My friend Reema has a rooftop in Astoria — the illegal kind, where you climb out a window and pretend the landlord doesn't exist — and last night I called my mother from up there.
It was 8PM in Queens, which is 5:30AM in Ahmedabad, and my mother answered in her nightie with her hair in the braid she's worn since before I was born. She was already up. She is always already up.
"Why are you outside," she said, squinting. "Where is the roof."
I showed her. The Manhattan skyline doing its showoff thing in the distance, the Hell Gate Bridge, the N train crawling across the elevated tracks like a beetle. The whole sky over Queens going that bruised pink-orange that makes you forgive the city everything.
She was quiet. Then she said the building across from theirs got a new coat of paint and the neighbor's daughter got engaged and did I want to see the mango tree, it had fruit this year.
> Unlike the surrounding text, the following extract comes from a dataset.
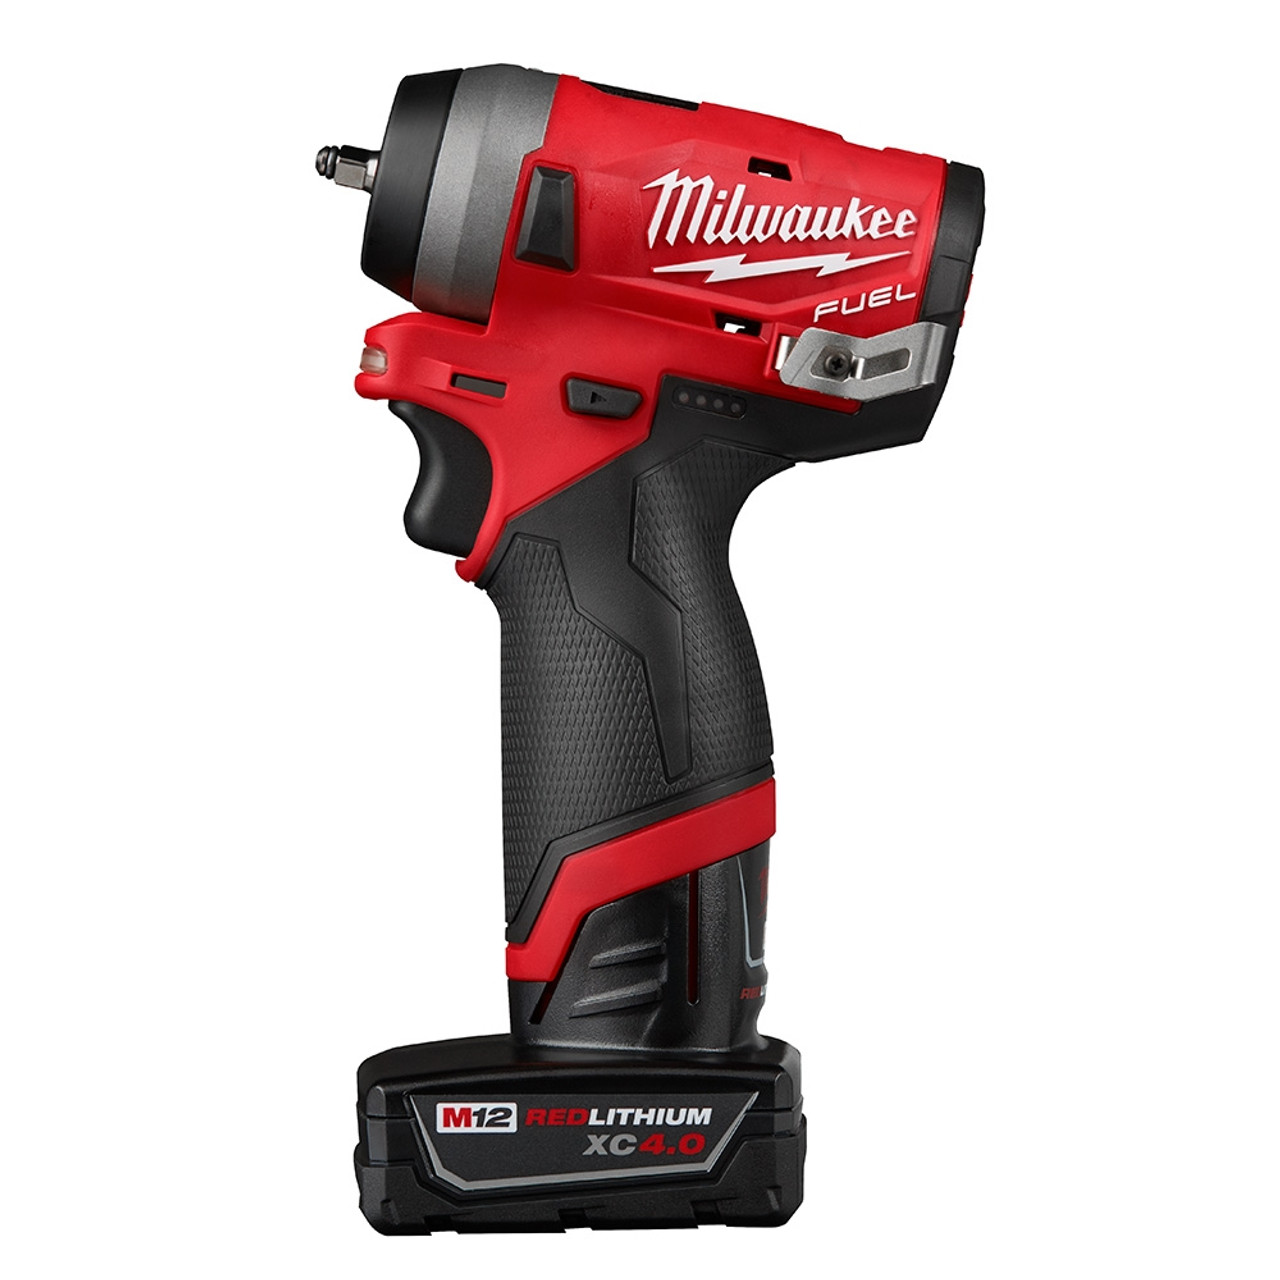 Milwaukee 2554-20 M12 FUEL 3/8 Stubby Impact Wrench Bare, 44% OFF
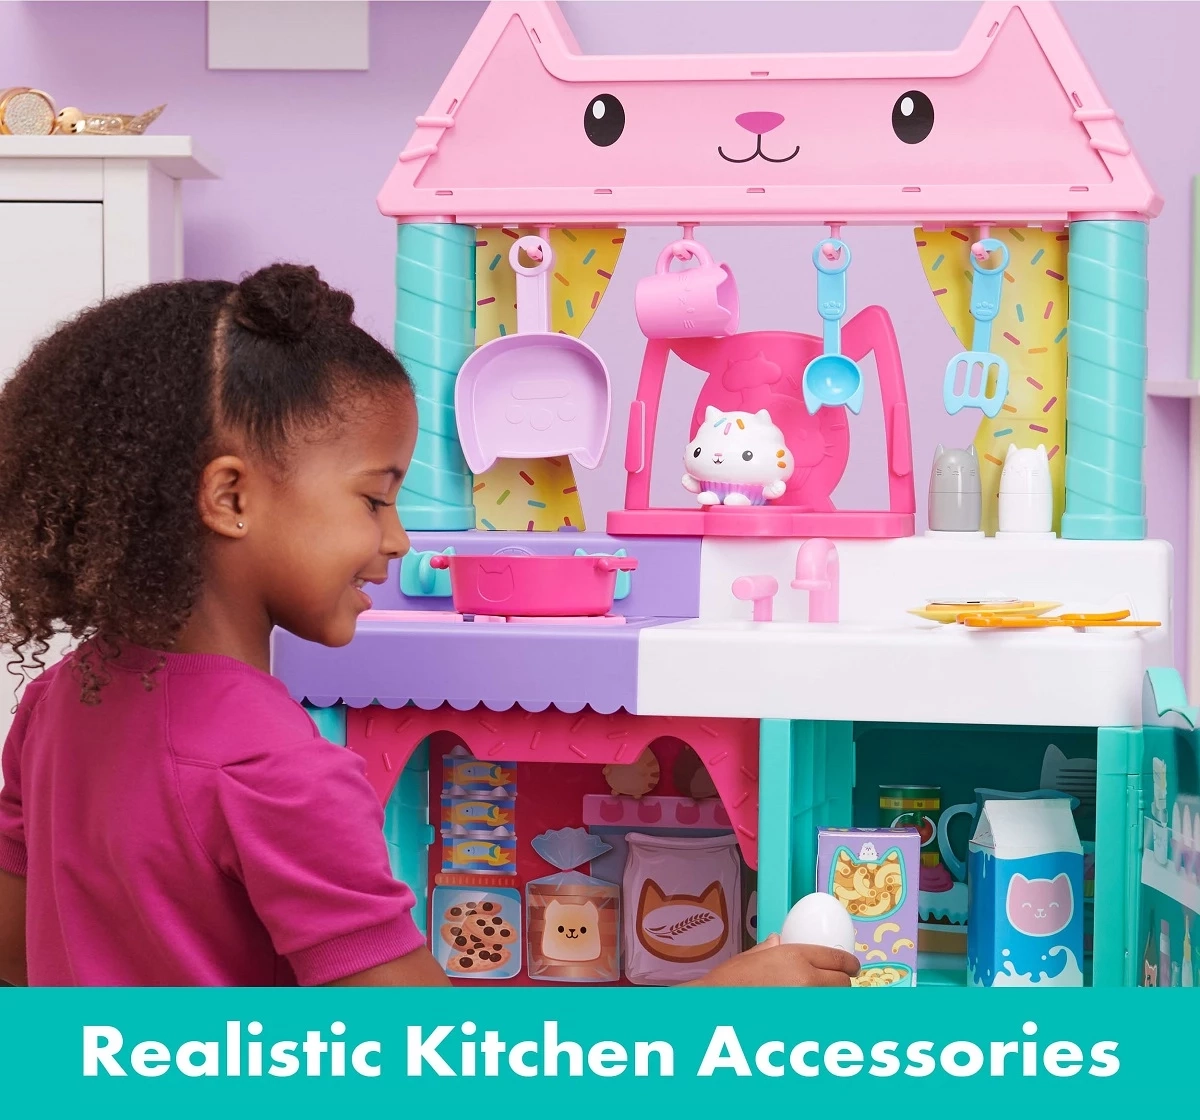 Gabby’S Dollhouse, Cakey Kitchen Set For Kids With Play Kitchen Accessories, Play Food, Sounds, Music And Kids Toys For Girls And Boys Ages 3 And Up

And that's when I cried a little. Quietly, so she wouldn't fuss. Because being homesick isn't always the big dramatic thing. Sometimes it's a mango tree you can't stand under.
The strange math of living here is this: I am exactly where I wanted to be. I fought to be on this rooftop in Astoria with the N train and the skyline and a degree I worked for. And I still want to be standing under that tree in the morning while my mother yells that the chai is getting cold.
Both things. At the same time. Nobody warns you that you can be heartbroken and grateful in the same breath.
Reema came out with two cups of chai, the real kind, boiled-down and over-sugared the way we don't apologize for, and she didn't ask why my eyes were red. She just sat. That's friendship, I think — sitting next to your homesickness without trying to fix it.
My mother said, before she hung up, "You are far, but you are not lost." And then she told me to wear a jacket because she could see I was cold even through a phone in another time zone.
How do they always know.
If you're far from your mother tonight, call her. The chai will keep.